FDV: We know you were loth to leave us & but, sure, you will turn up some day when your pocket is empty.

inside out - so that the inner side becomes the outer + cnoc (Irish) - hill (anglicised 'knock') + (notebook 1924): 'turn up when his pocket were empty'.

remittance - a sum of money sent from one place or person to another; also, the act of sending money, etc., to another place + Joyce's note: 'remittance (man)' → remittance man - an emigrant supported by money sent from home.

timus (gr) - heart

tenant - one who or that which inhabits or occupies any place

tussock - a tuft or clump forming a small hillock of grass, sedge, or the like; the tufted hair-grass, Aira cæspitosa, or other native grass growing in tussocks (PICTURE) + "while daisy winks at her pinker sister among the tussocks" [053.09-.10]

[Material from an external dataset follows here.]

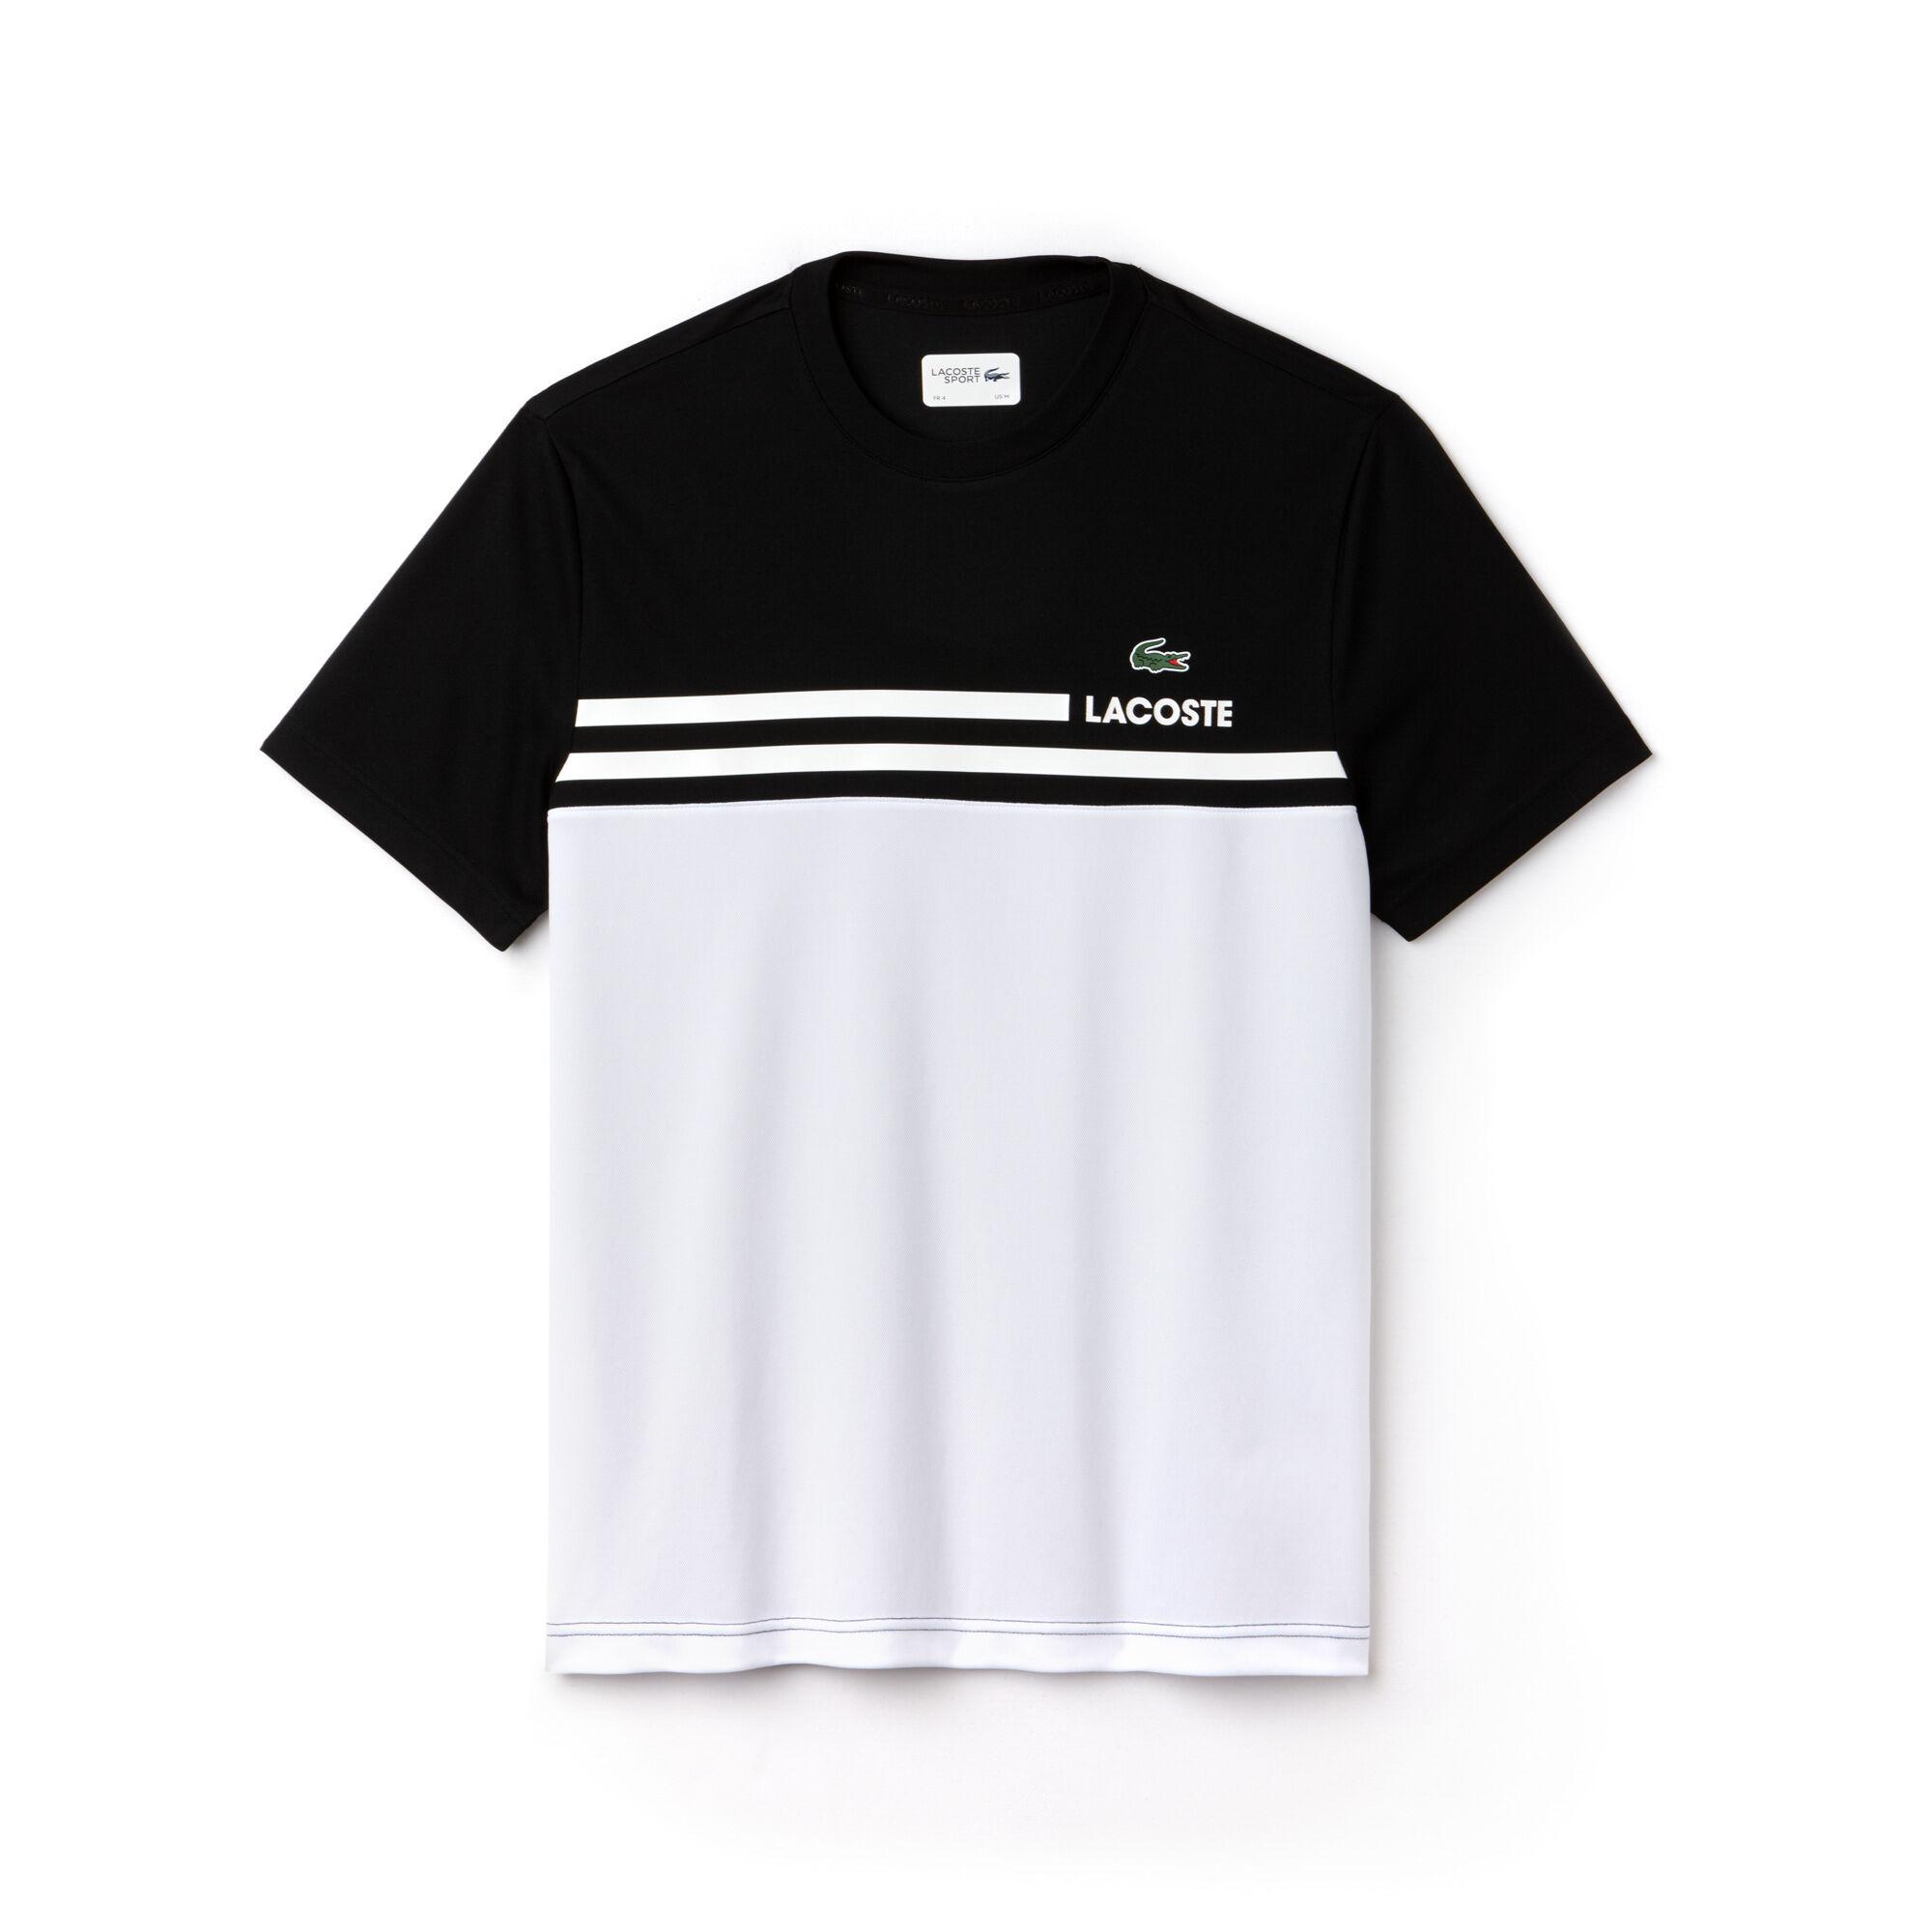 buy lacoste t shirt
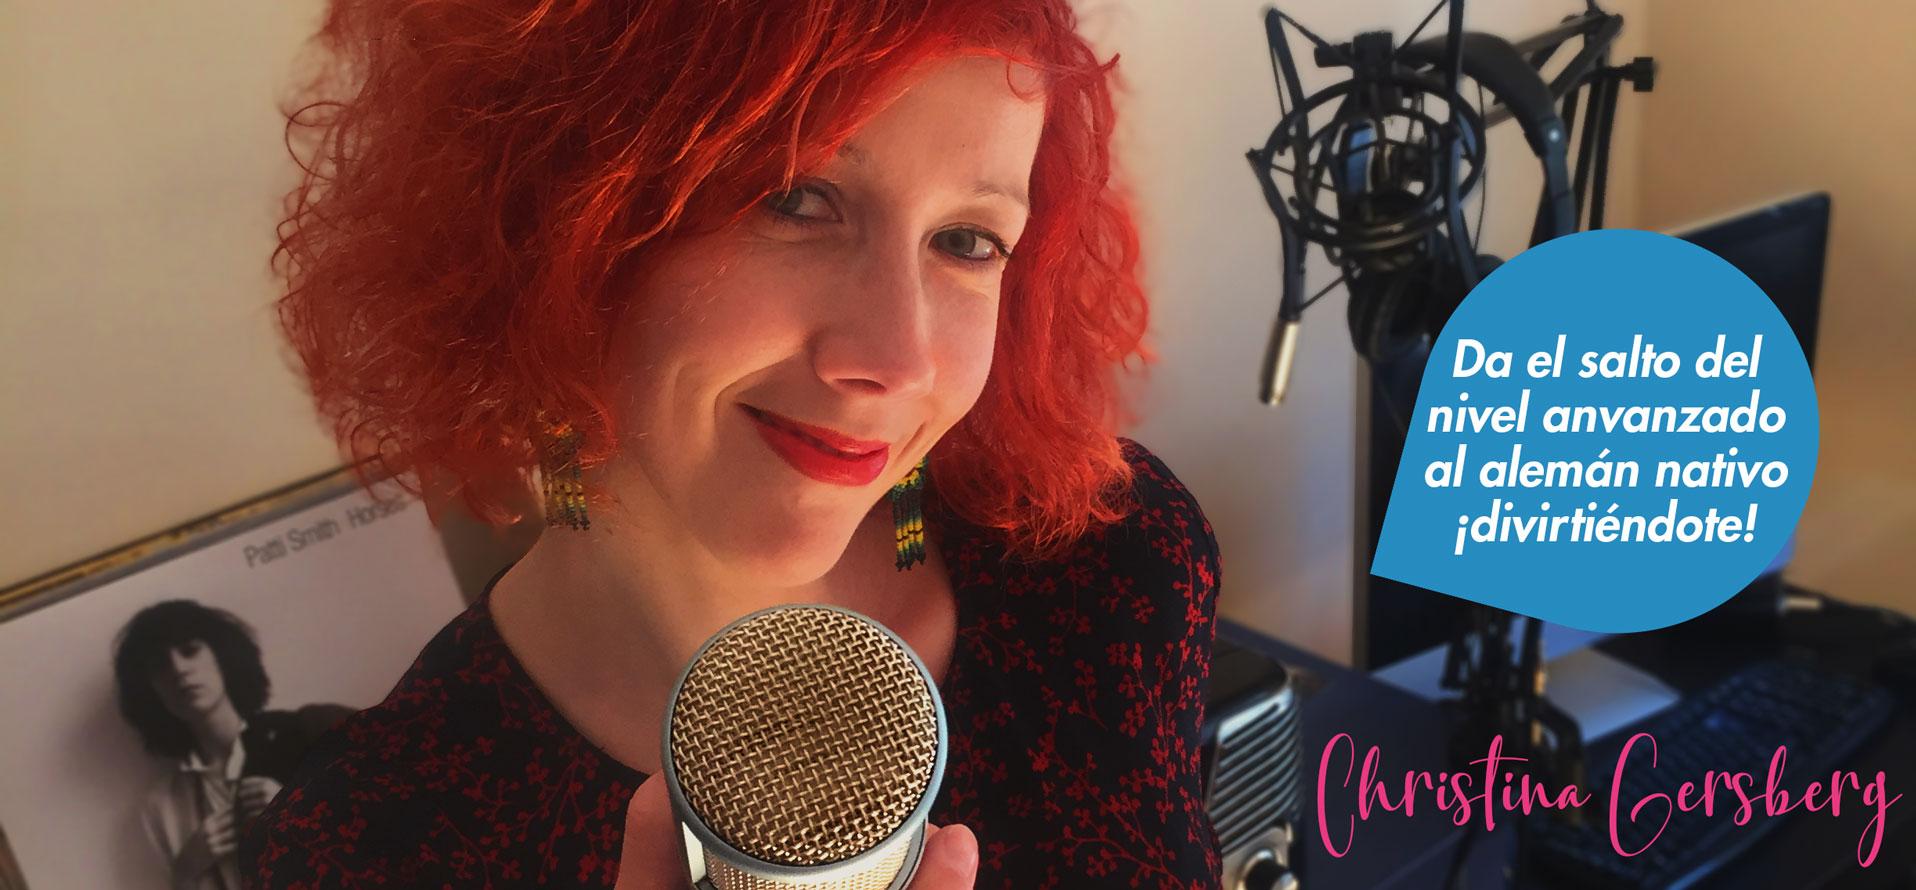 Christina Gersberg - curso de aleman online

thicket - a dense growth of shrubs, underwood, and small trees (PICTURE) + tramtickets + (feet).

daisy roots (Rhyming Slang) - boots + PICTURE

buttercup - a name popularly applied to species of Ranunculus bearing yellow cup-shaped flowers (PICTURE) + FDV: Anyway may the grass grow quickly under your feet [or the daisies grow lightly over your toes].